* _What you have to do_
Within the entries below, output exactly the lines between the line containing "Why a brand" and the line containing "Renovated & Furnished", inclusive, and omit any picture.

* _Data shown_
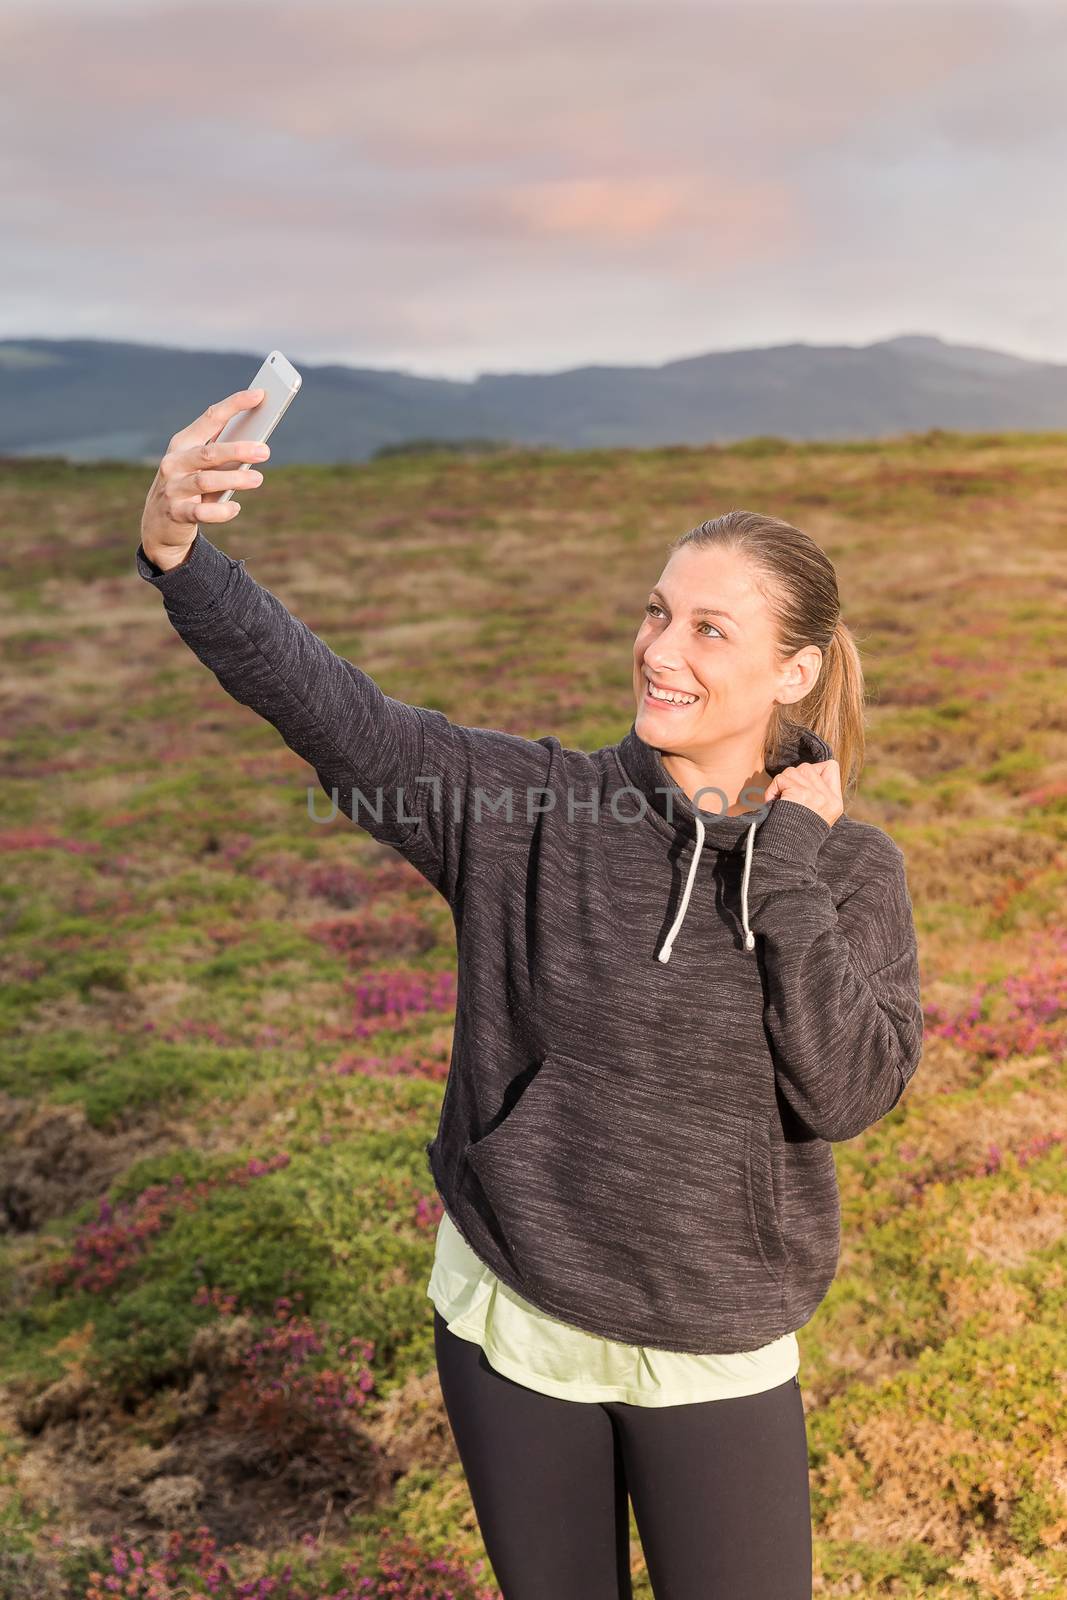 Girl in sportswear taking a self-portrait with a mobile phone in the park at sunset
* * *
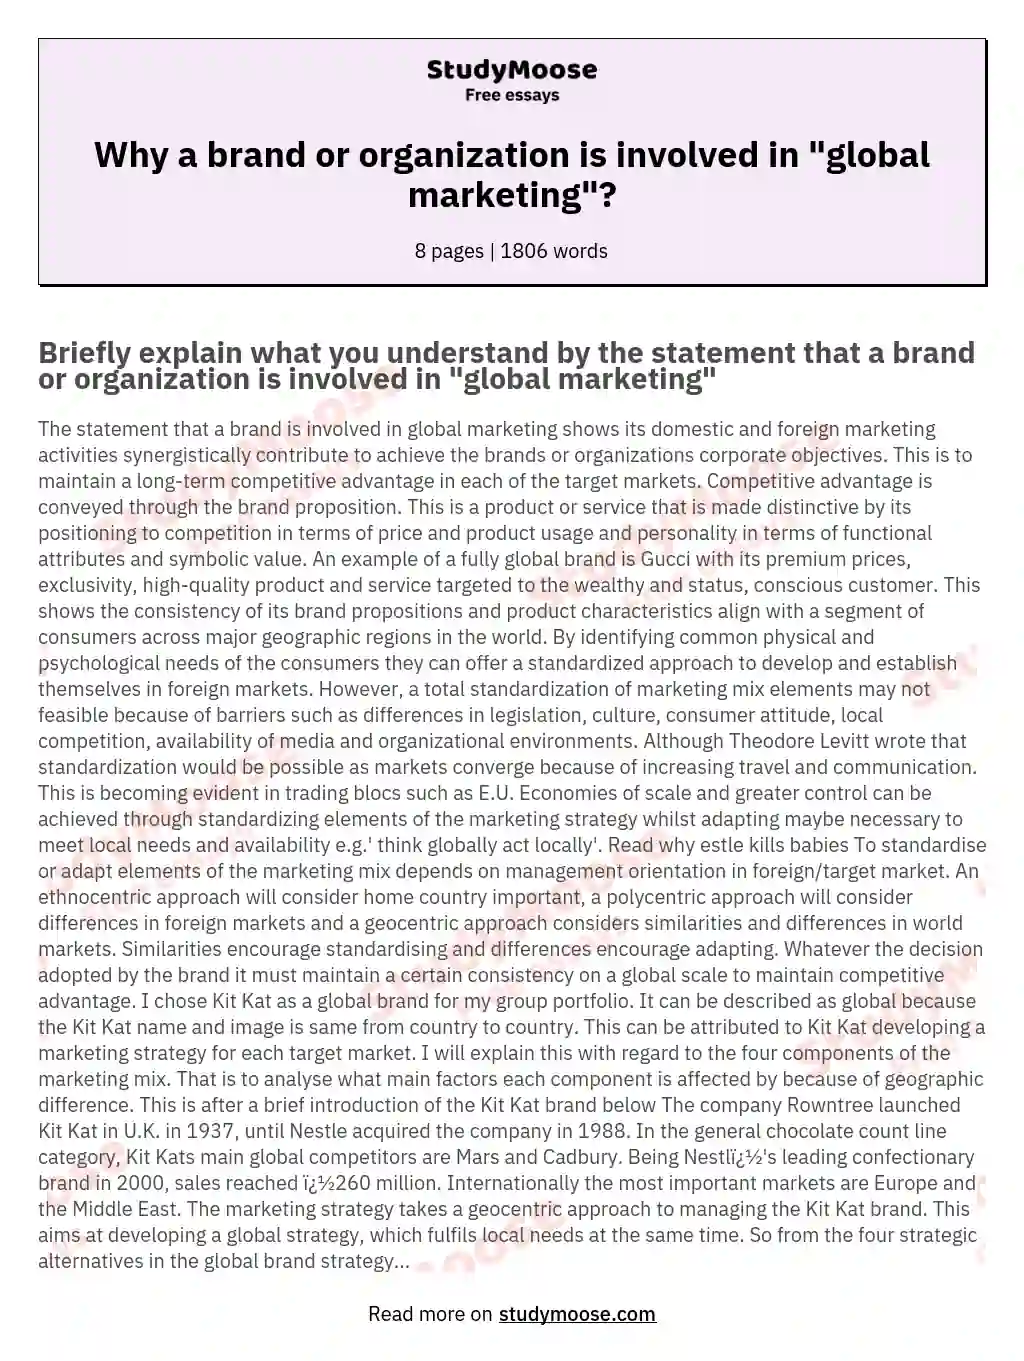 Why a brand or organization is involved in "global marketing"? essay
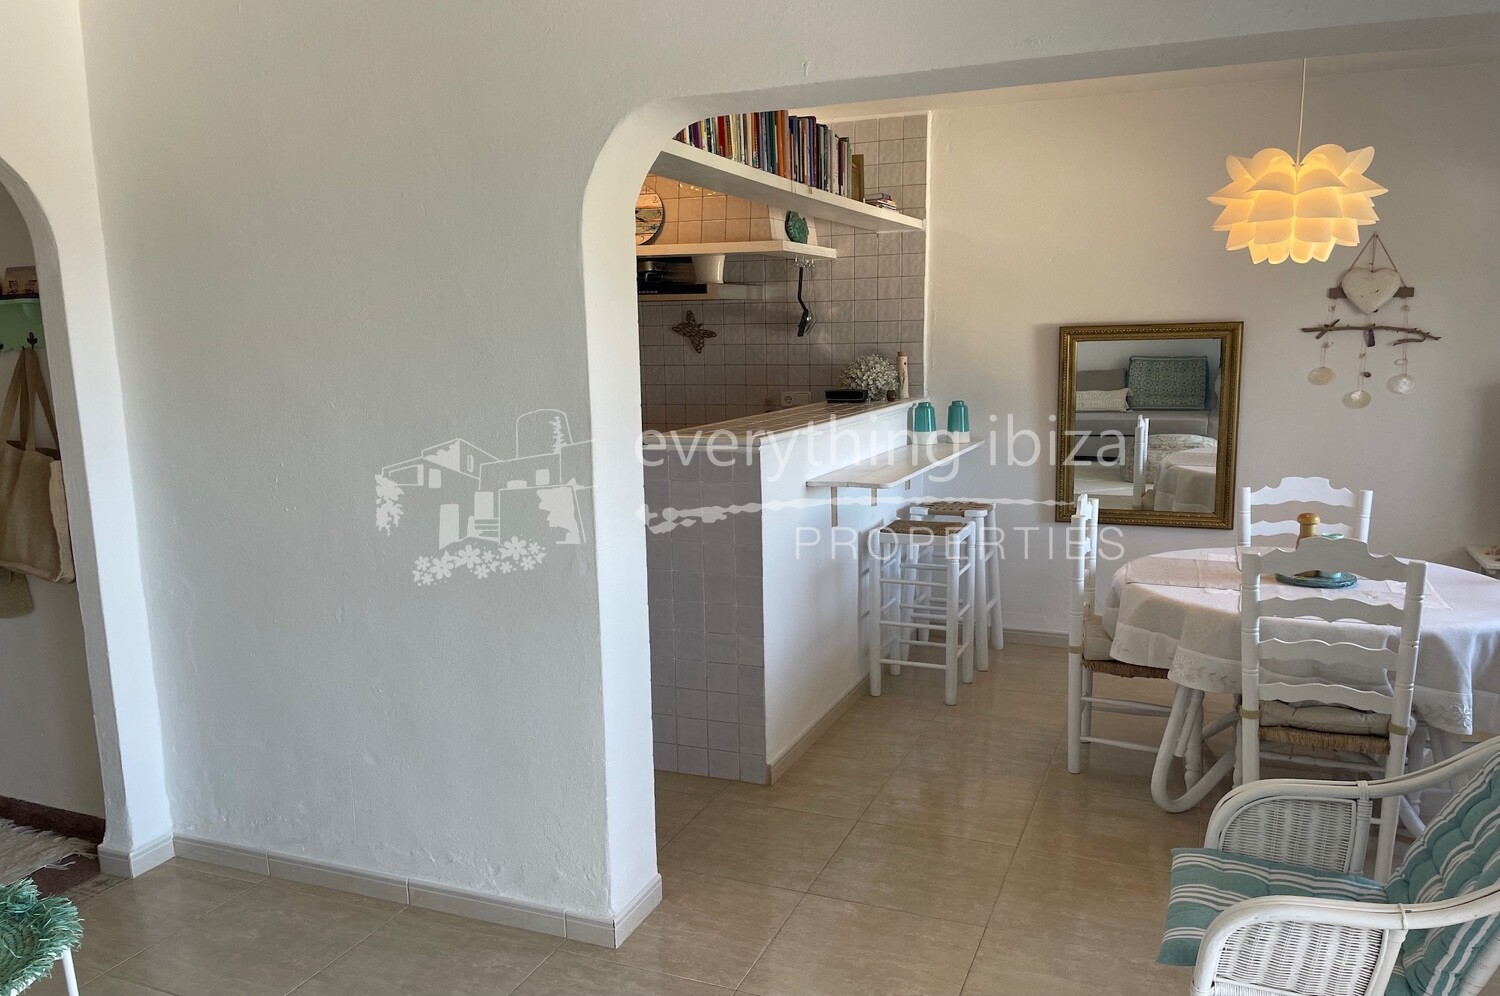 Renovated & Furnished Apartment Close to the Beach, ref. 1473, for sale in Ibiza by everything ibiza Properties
==
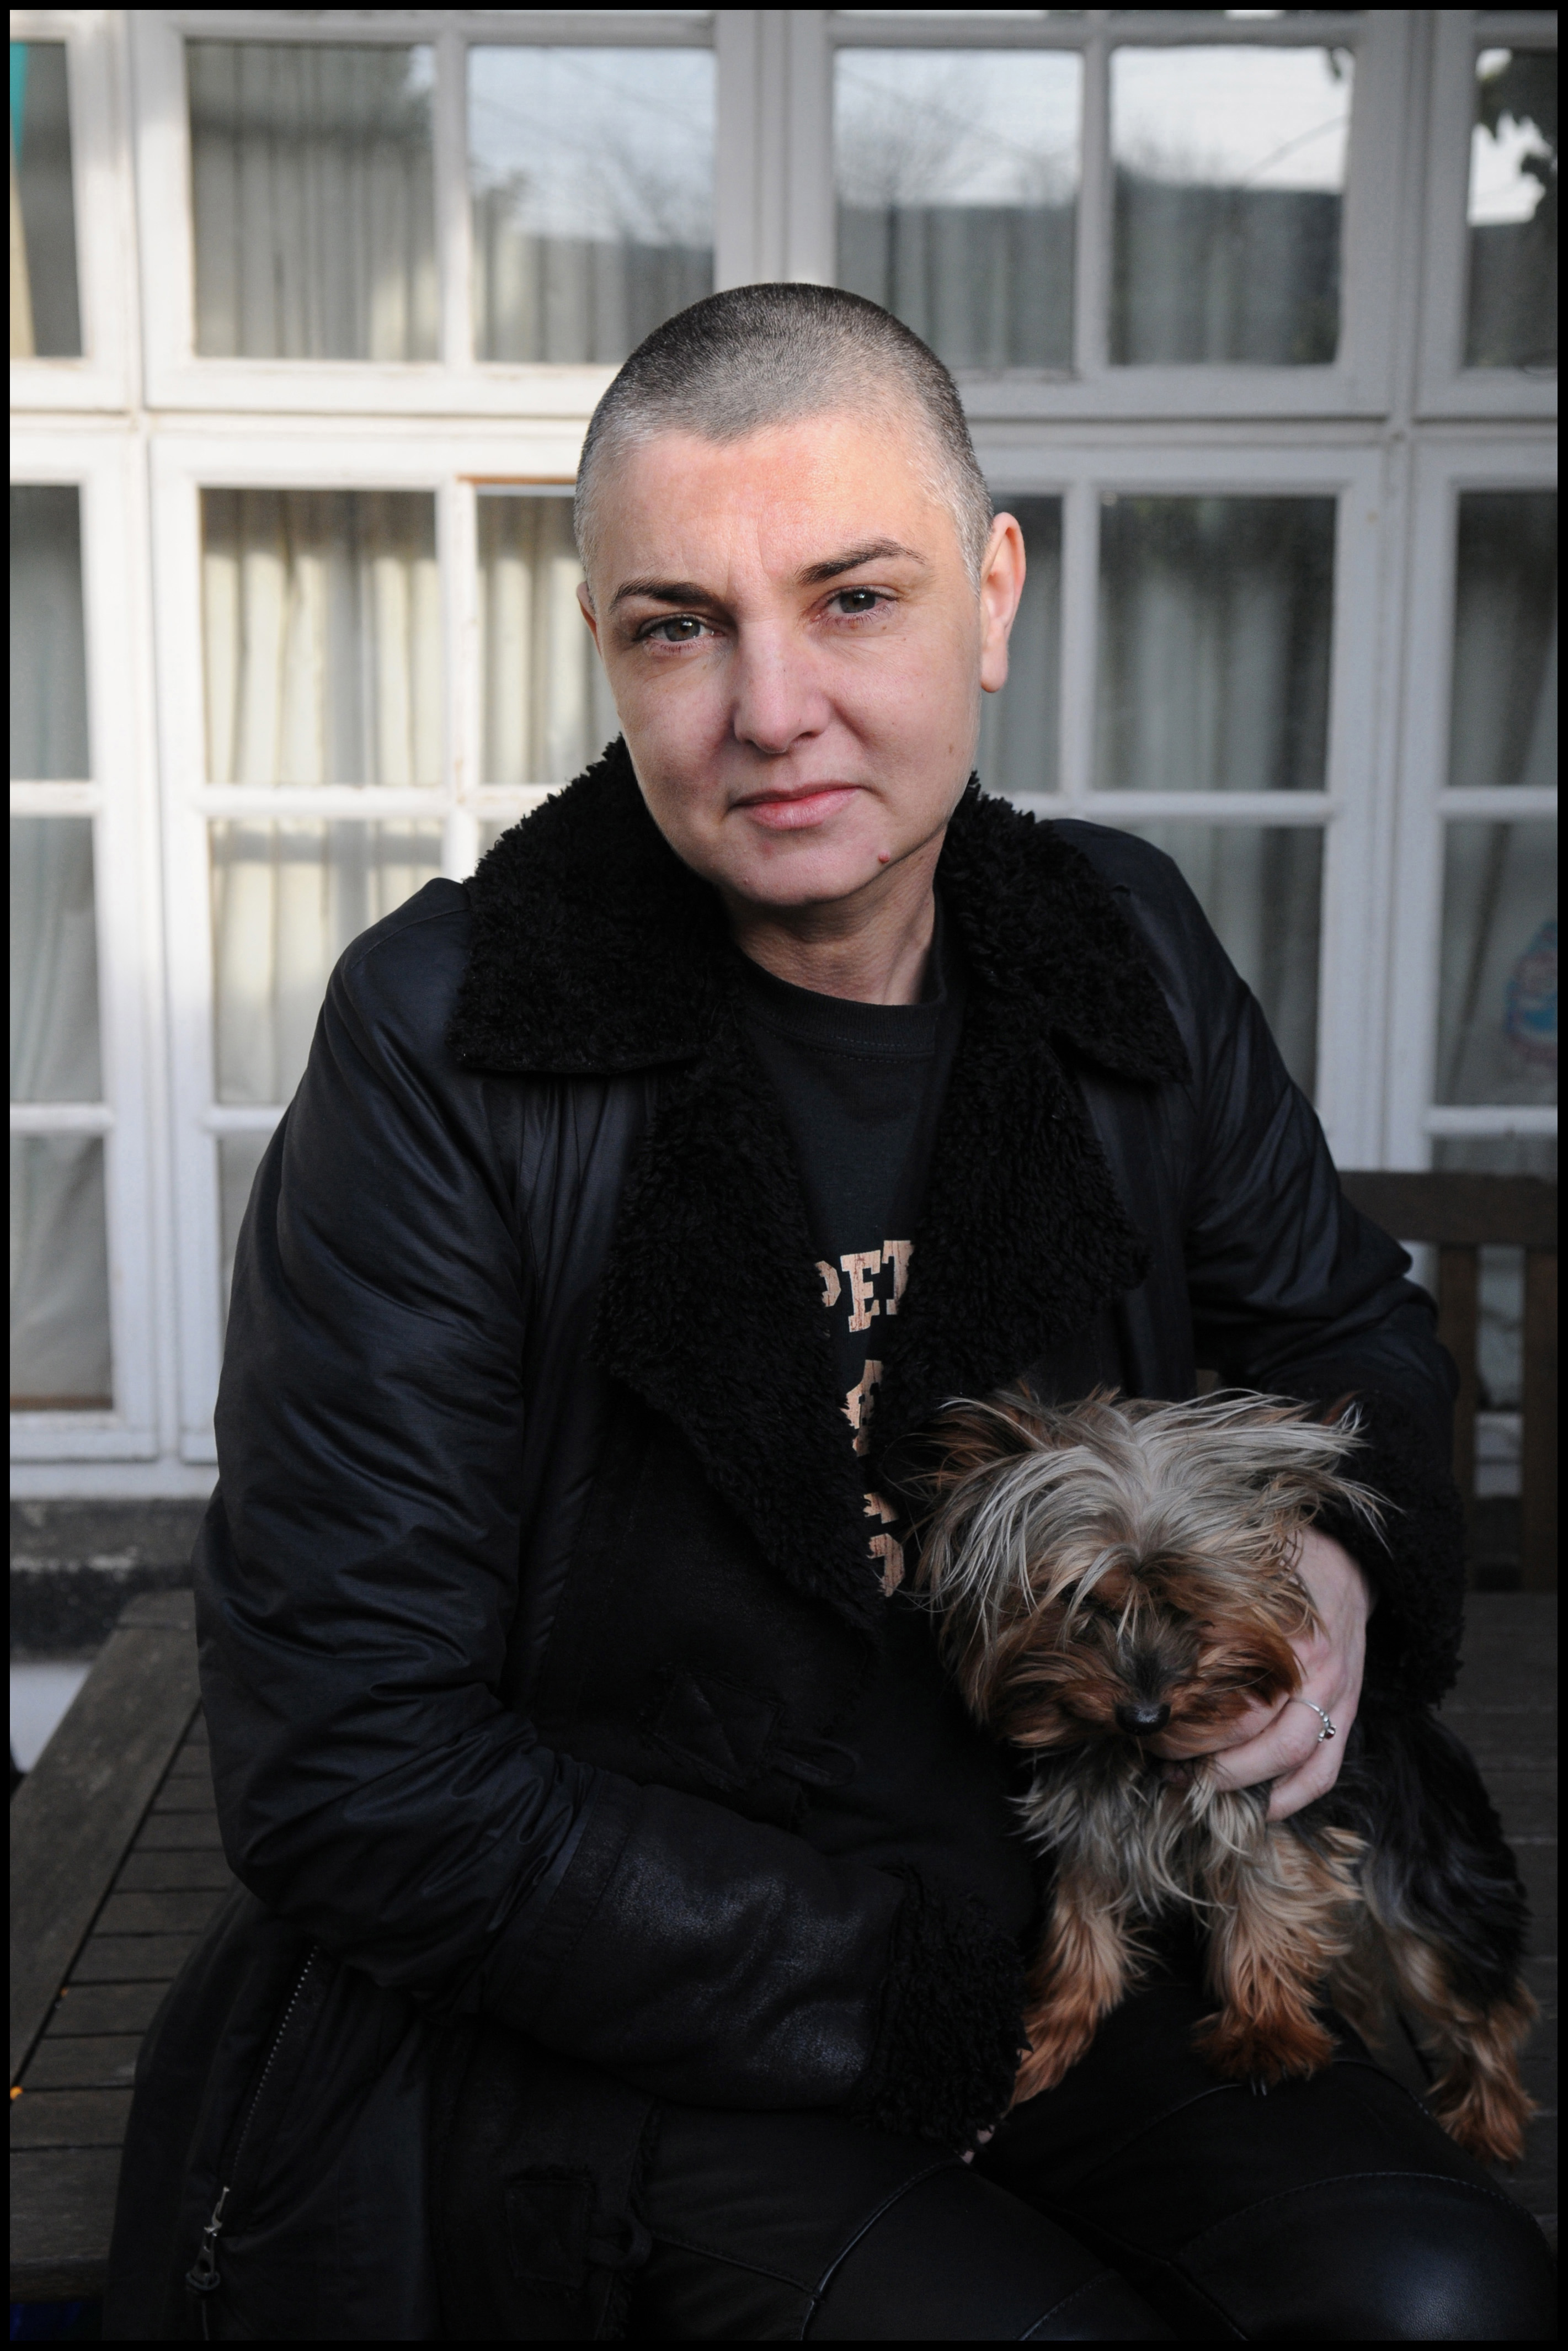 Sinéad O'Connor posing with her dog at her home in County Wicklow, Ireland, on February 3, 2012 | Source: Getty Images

* _Finished task_
 Why a brand or organization is involved in "global marketing"? essay
 Renovated & Furnished Apartment Close to the Beach, ref. 1473, for sale in Ibiza by everything ibiza Properties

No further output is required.